No matter which color you choose for the explosions, galactic civilization is plunged into a dark age--it says so in Mac Walter's notes. Without the relays, whole systems will be unsustainable, whole races will perish, and galactic culture and civilization as we know it has come to an end. Earth, in particular, will need a lot of help to rebuild just to a point of survival, and that help will not be coming. What few resources remain in the Sol system will be fought over as the various races of the "Victory Fleet" begin to starve and die, and it is anyone's guess whether there will be a human race left on Earth after a few generations. In his efforts to prevent the decimation of Earth and galactic civilization, Shepard has failed, regardless of whether he lives or dies or the Reapers live or die.

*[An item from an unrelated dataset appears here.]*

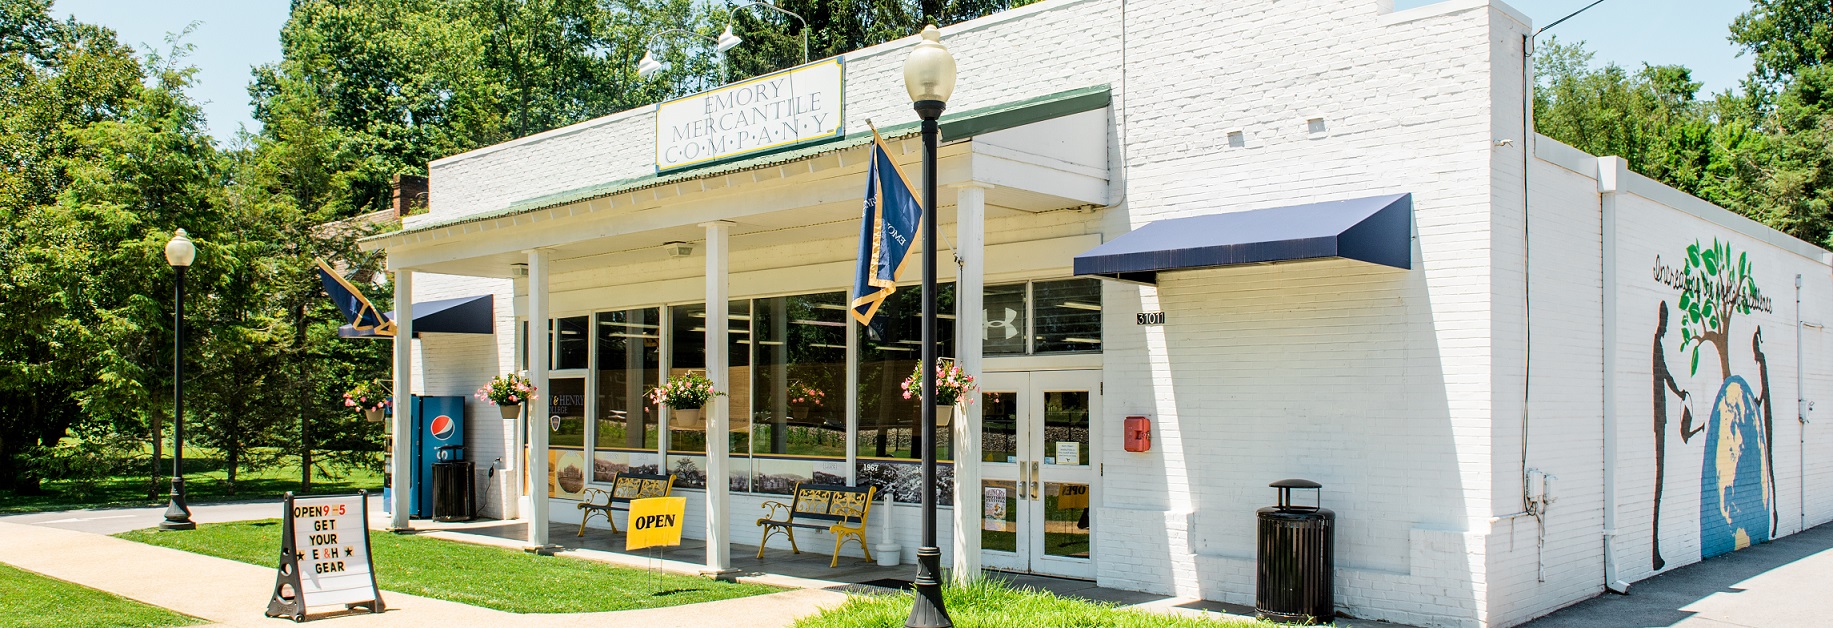 the exterior of the Mercantile at Oxford Ave, a white brick building with two benches and an Emory & Henry flag out front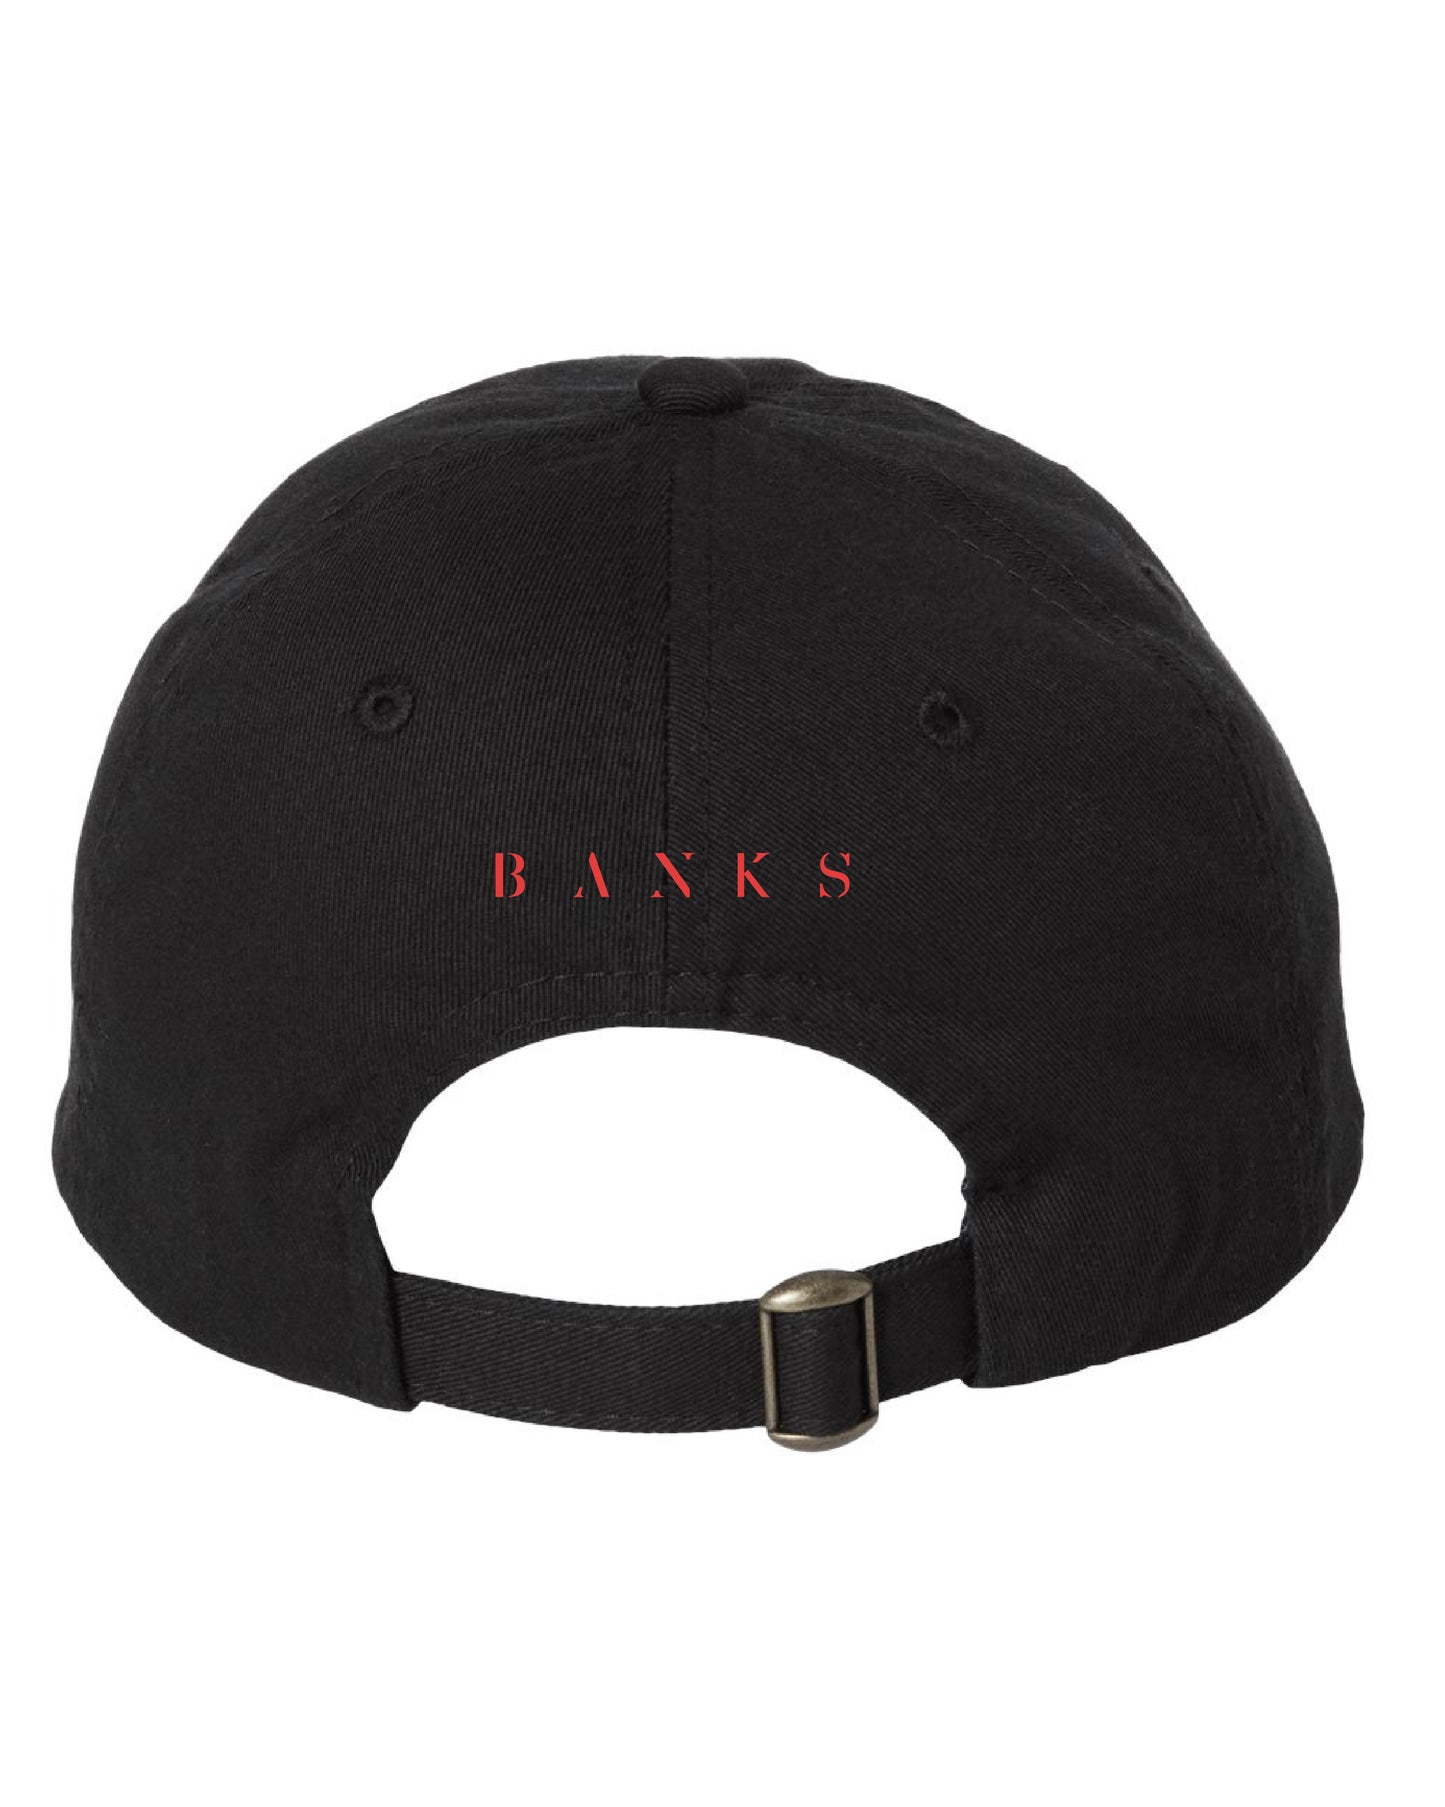 Someone write my new name down red and black hat product shot back Banks

But this is just speculation.  There's absolutely NO evidence that proves this is what will take place.


I invite you to propose even one reasonably possible alternative. The technology of the Mass Effect universe is well described, and conventional FTL drives would cook a ship's crew with static on a trip between clusters, even if they didn't run out of fuel first. There is specific reference to how badly Earth has been trashed in the game. Turians and Quarians can't even eat Earth's protein. In Red or Green, the Citadel is demolished.

I may not have "proof," but you lack even possibility.


I lack possiblity?  Conventional FTL is a possibility.  The math's been done, and it's not nearly as far-fetched.  Sure, there is the refueling issue, but overall, conventional FTL is very much an alternative.  Also, as for the Turians and Quarians, the Quarians brought their liveships, which were normally designed to feed MILLIONS of Quarians.  I'm sure they could accomodate the turians.